To reduce costs of his warehouse of analytical Data, WeWard appealed at TeamWork, which has set up an original infrastructure, judiciously mixing multipal Amazon Cloud services. A project completed in less than three months.
A French startup created in 2019, WeWard offers a mobile app aimed at fighting against sedentary lifestyles. The more users walk, the more they accumulate wards, which can be exchanged for various rewards : gifts, vouchers, money, donations…
Since its launch, the app has been regularly enriched, with affiliation, allowing you to buy products while earning wards, and increasing gamification: periodic contests, performance tracking and sharing, etc.
The WeWard app is now deployed in 9 countries and has 20 million users, mainly located in France, but also in other European countries, such as Italy and Spain. Recently, the publisher took its first steps in the United States and Japan.
Separate transactional from analyticals
“We rely on a very large database, in which we store all the information we need to run our application and services,” explains Jean Le, DevOps Engineer at WeWard. “All transactions go through this database, which is used by both our mobile app and our back office, which can cause performance issues .So when we run a big internal query to conduct a study for example – the front end can be slowed down, which frustrates users.”
On the one hand, the database must support a massive flow of transactions from the users of the application, and on the other hand, particularly large and complex internal queries from the data engineers. Two modes of data access (transactional vs. analytical) that are difficult to reconcile. In order to solve this dilemma, WeWard wanted to set up a data warehouse separate from the main database, in which data engineers can launch their queries, without impacting the performance of the mobile application.

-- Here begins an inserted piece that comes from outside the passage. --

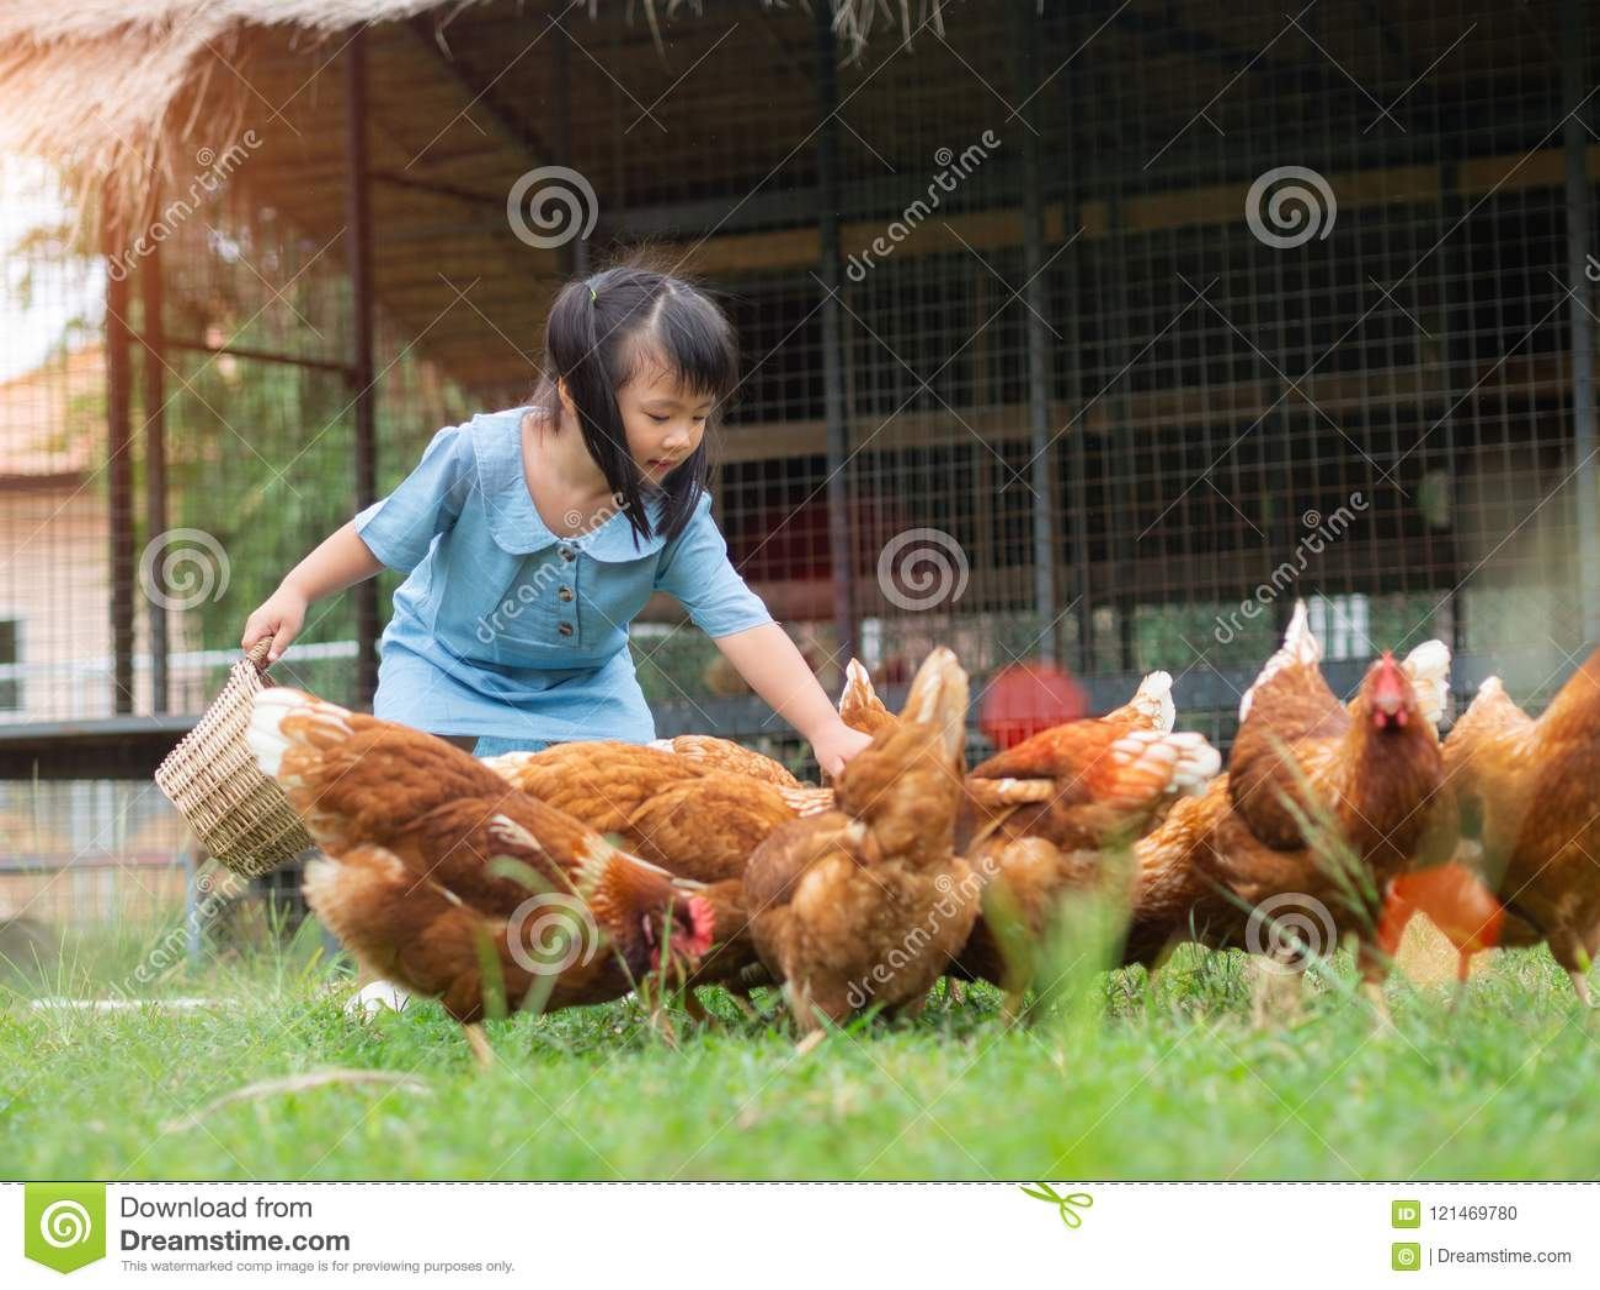 Pollos de alimentación de la niña feliz en la granja Cultivo, animal doméstico, ha

“Our PostgreSQL database is instantiated on Amazon’s cloud. We reached out to AWS teams to see how we could build a stronger, more scalable infrastructure. They suggested three of its partners, including TeamWork, which I already knew and who was chosen to accompany us on this project. TeamWork’s experts were able to provide an objective look at our problem and how to solve it, while respecting our needs and our budget.”

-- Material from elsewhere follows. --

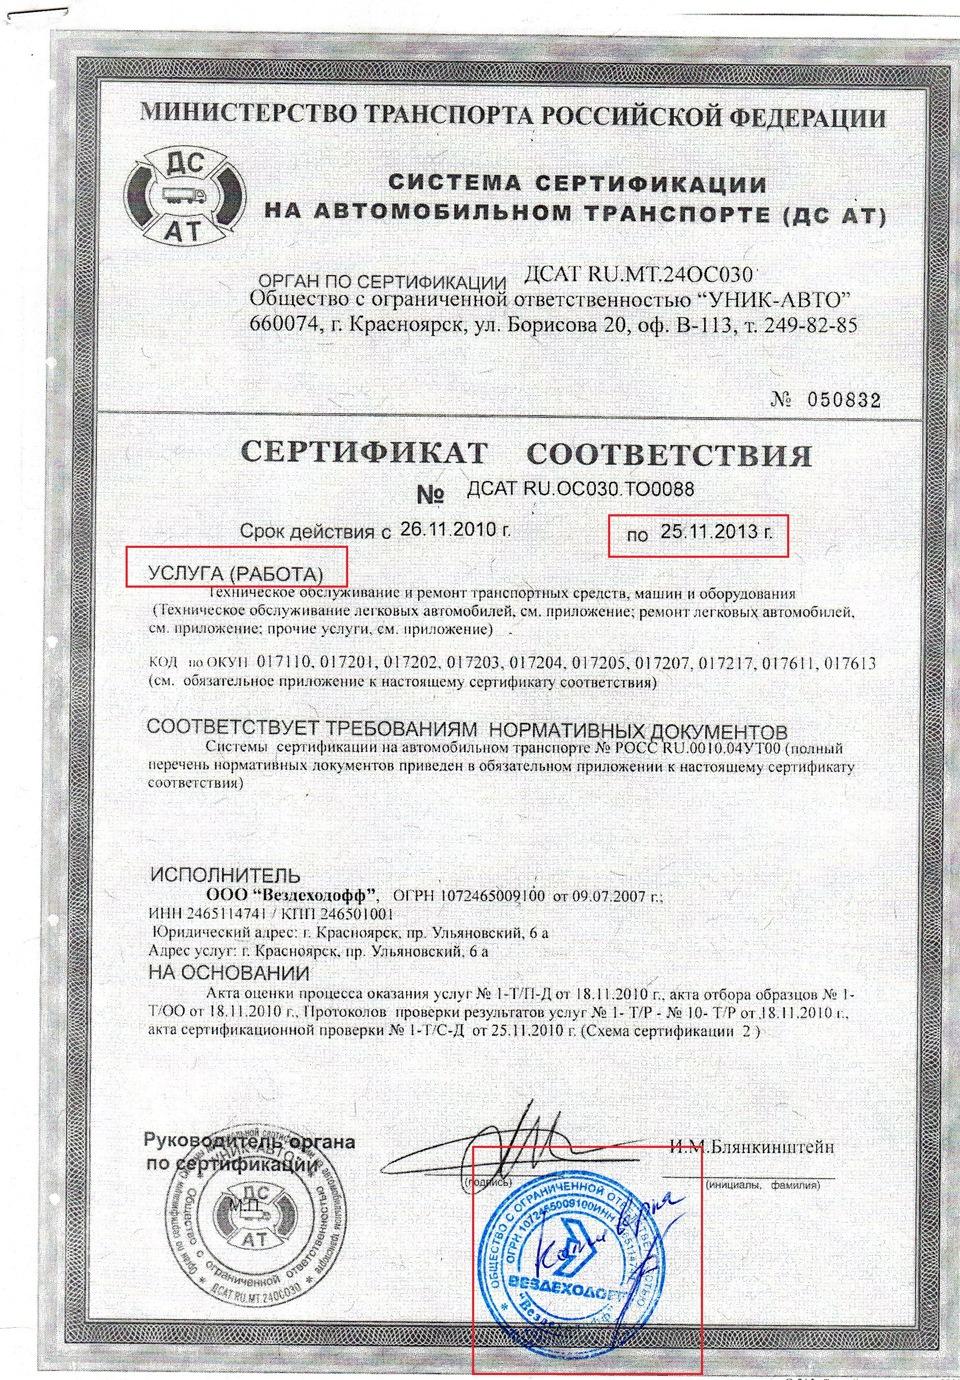 017613 установка дополнительного оборудования сертификация что такое смк исо 9001

Specific support has been set up by TeamWork to meet the startup’s cost requirements: reduction of development costs via the TeamWork Mauritius subsidiary, access to AWS funding as a Premier Tier Services Partner, etc.
A serverless Big Data approach
In order to reduce operating costs as much as possible, the WeWard and TeamWork teams opted for an original solution, consisting of relying on the S3 data storage service with AWS Glue Catalog. “We had a fairly precise idea of the architecture we wanted to put in place,” says Jean Le. “TeamWork helped us optimize it, and then set up the tools to extract the data, transform it, and load it into a secure storage space.on which our data engineers will launch their queries.”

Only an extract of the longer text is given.